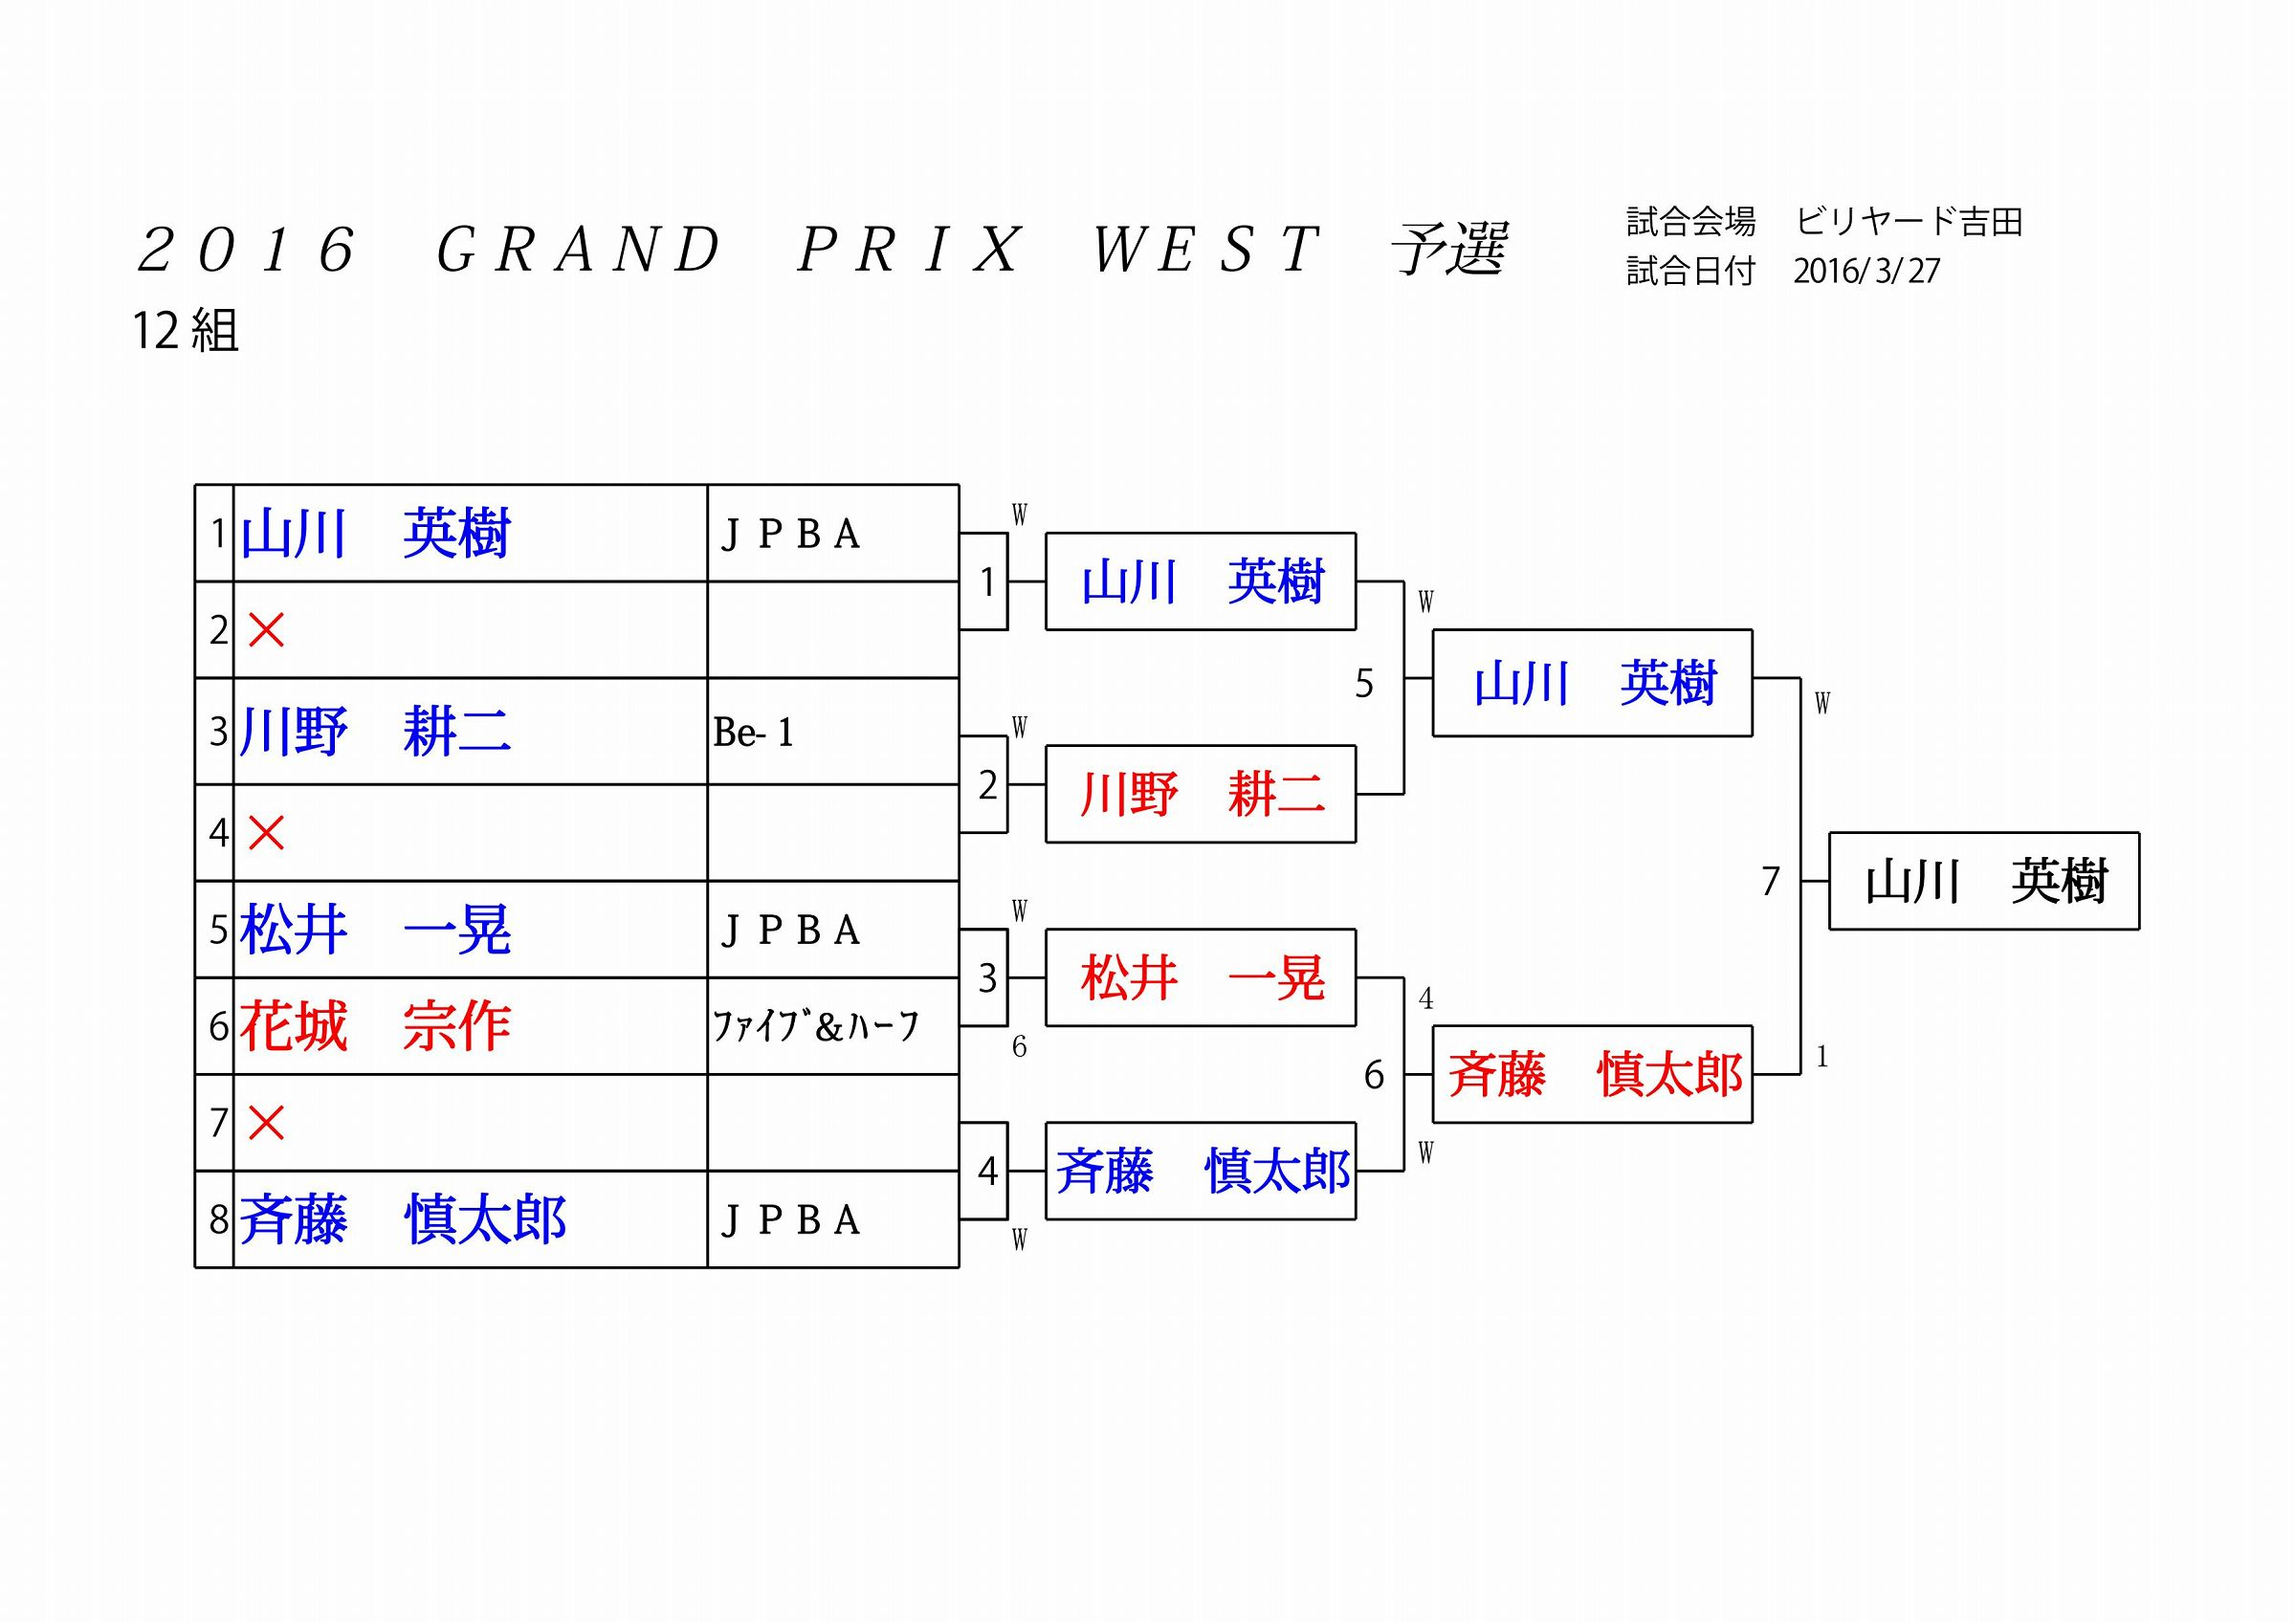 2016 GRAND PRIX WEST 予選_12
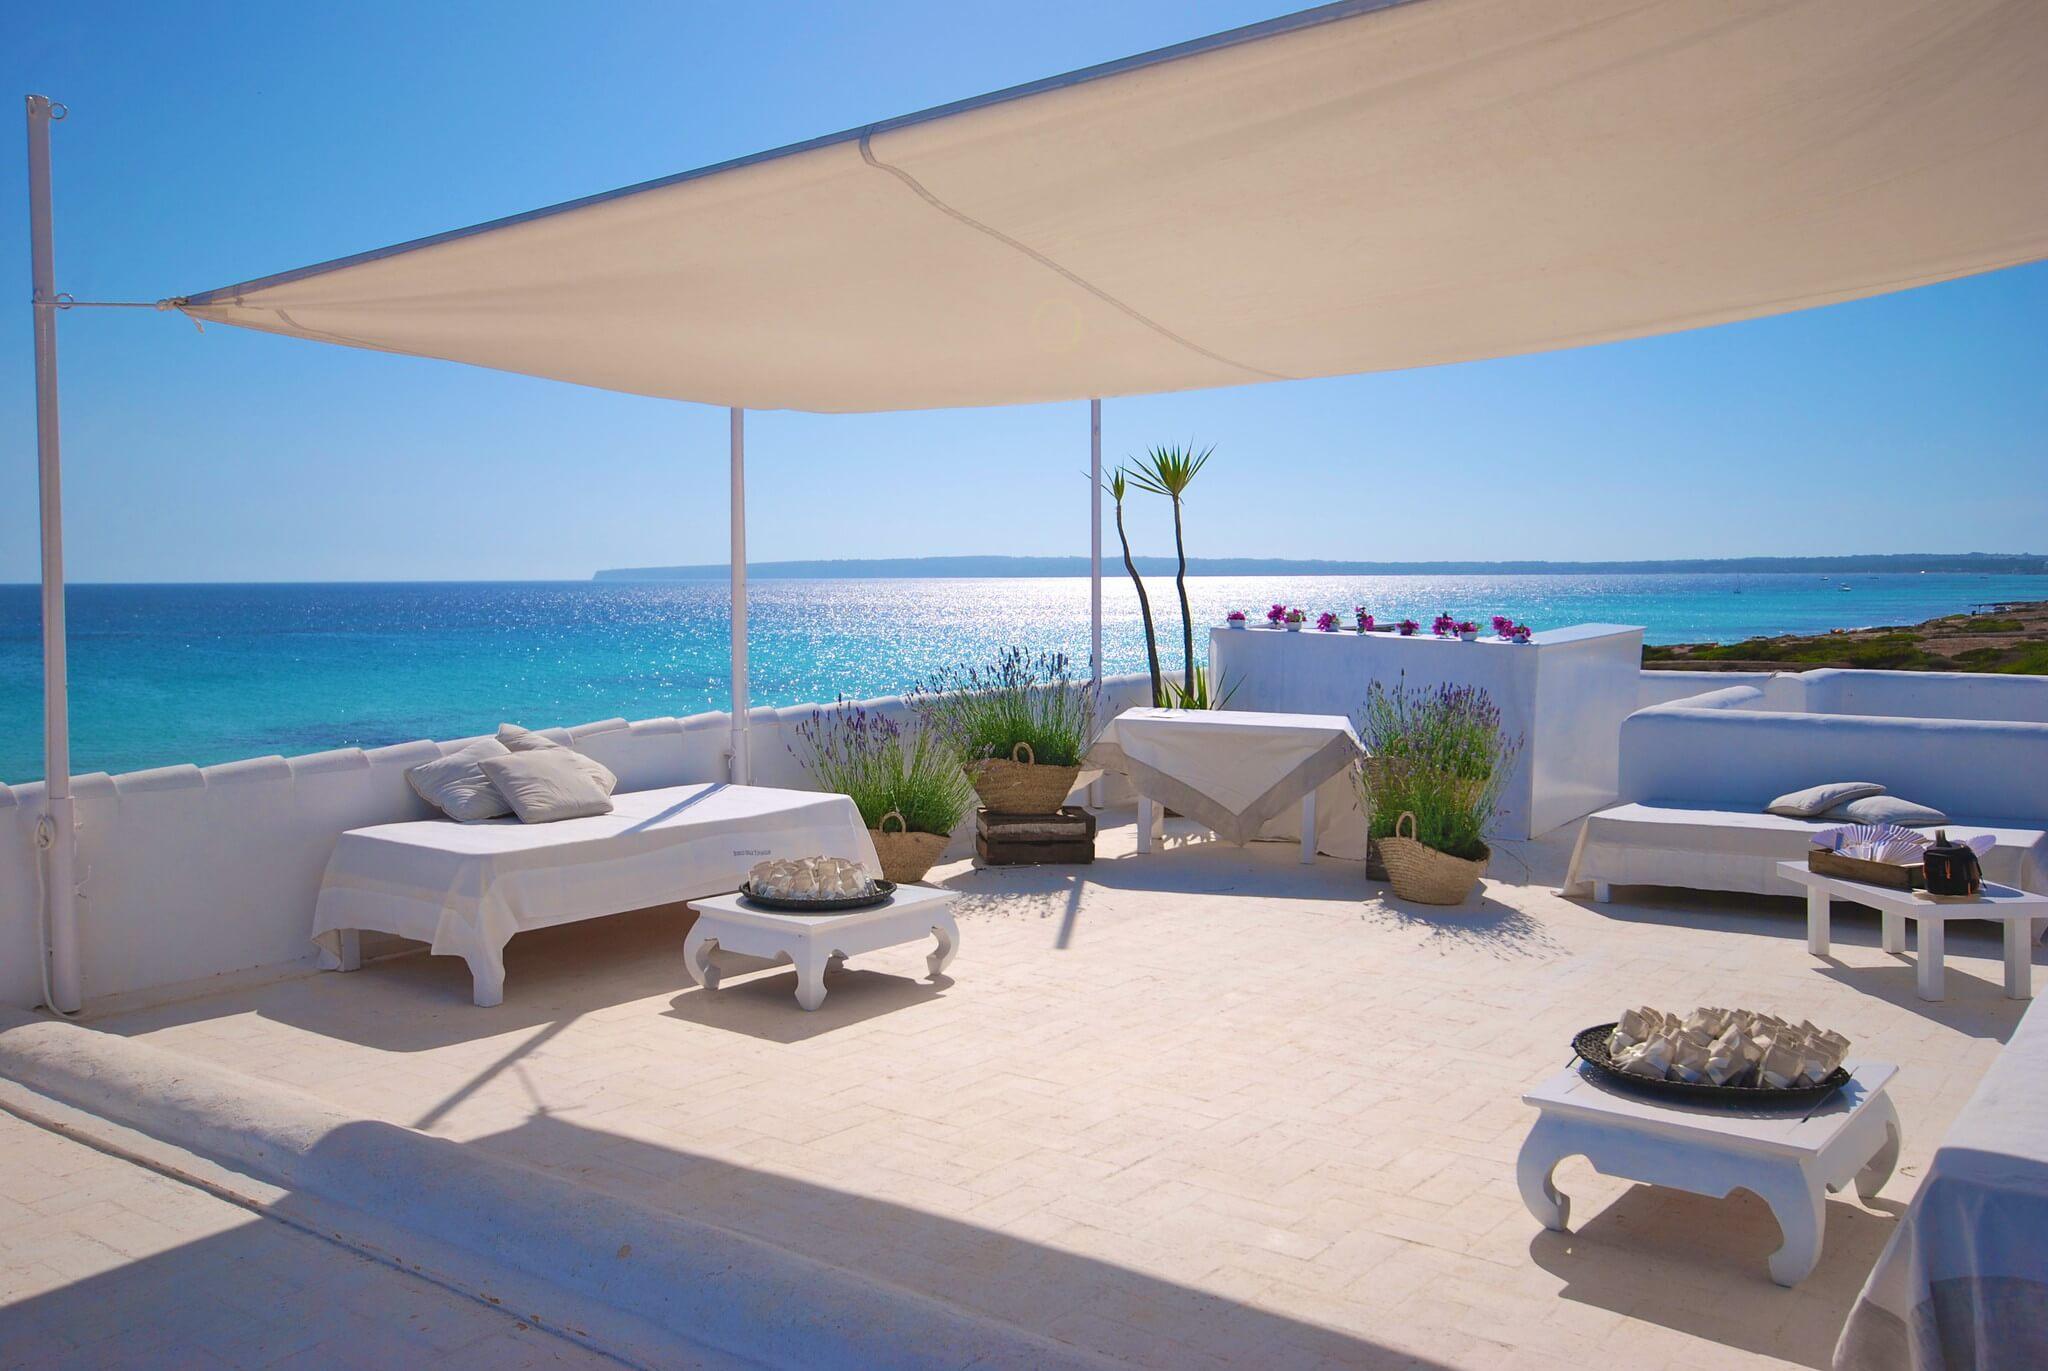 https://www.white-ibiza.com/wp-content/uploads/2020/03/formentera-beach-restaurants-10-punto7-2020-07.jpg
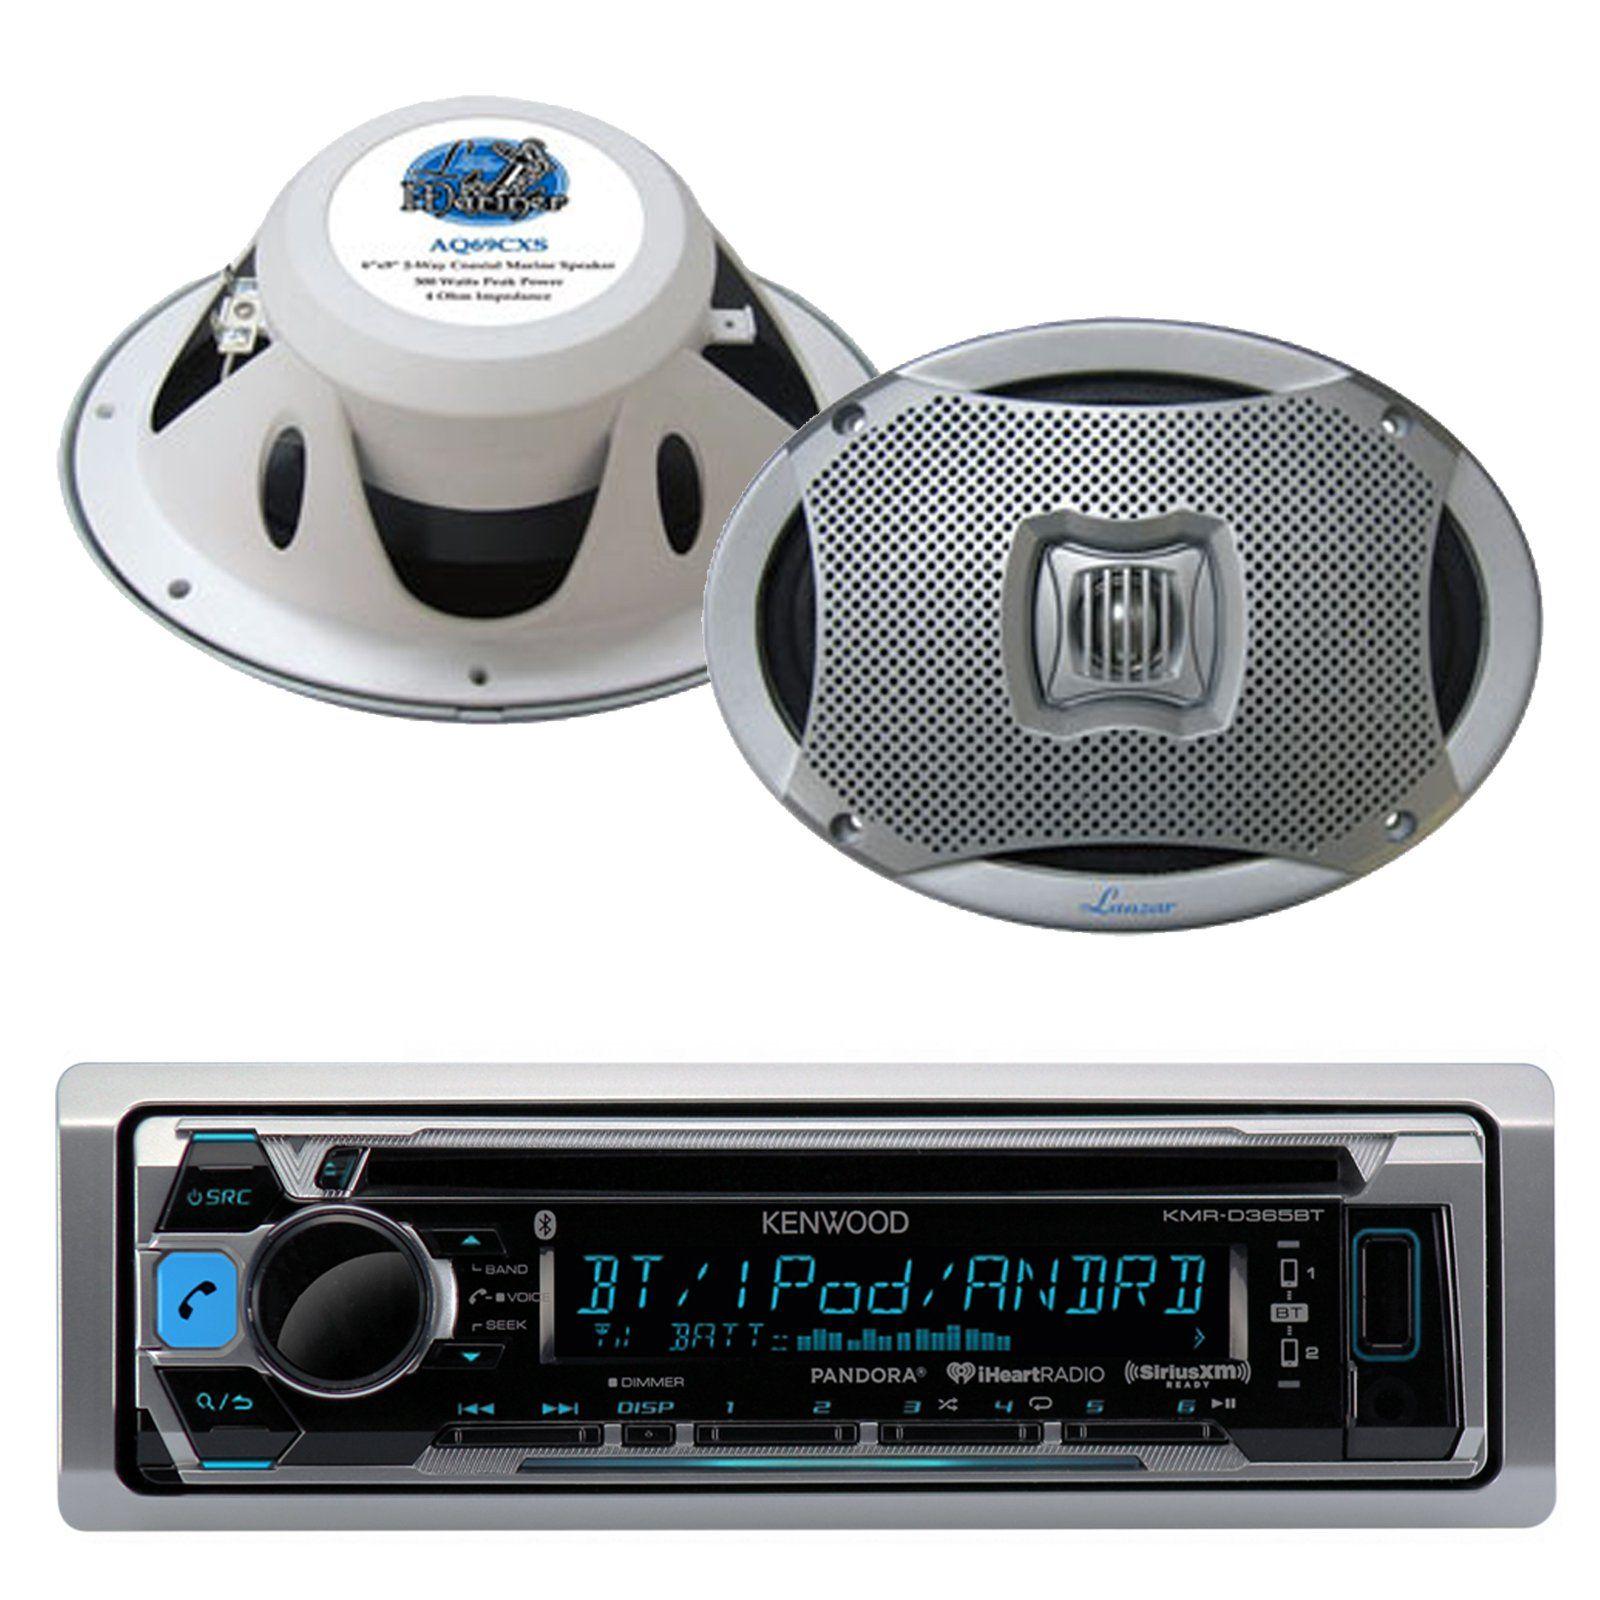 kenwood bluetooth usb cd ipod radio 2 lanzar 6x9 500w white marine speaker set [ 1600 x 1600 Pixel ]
--------------------
- _Assigned task_
Write the material above out again exactly. Omit every image.

- _Answer for the task_
 2016 GRAND PRIX WEST 予選_12
 https://www.white-ibiza.com/wp-content/uploads/2020/03/formentera-beach-restaurants-10-punto7-2020-07.jpg
 kenwood bluetooth usb cd ipod radio 2 lanzar 6x9 500w white marine speaker set [ 1600 x 1600 Pixel ]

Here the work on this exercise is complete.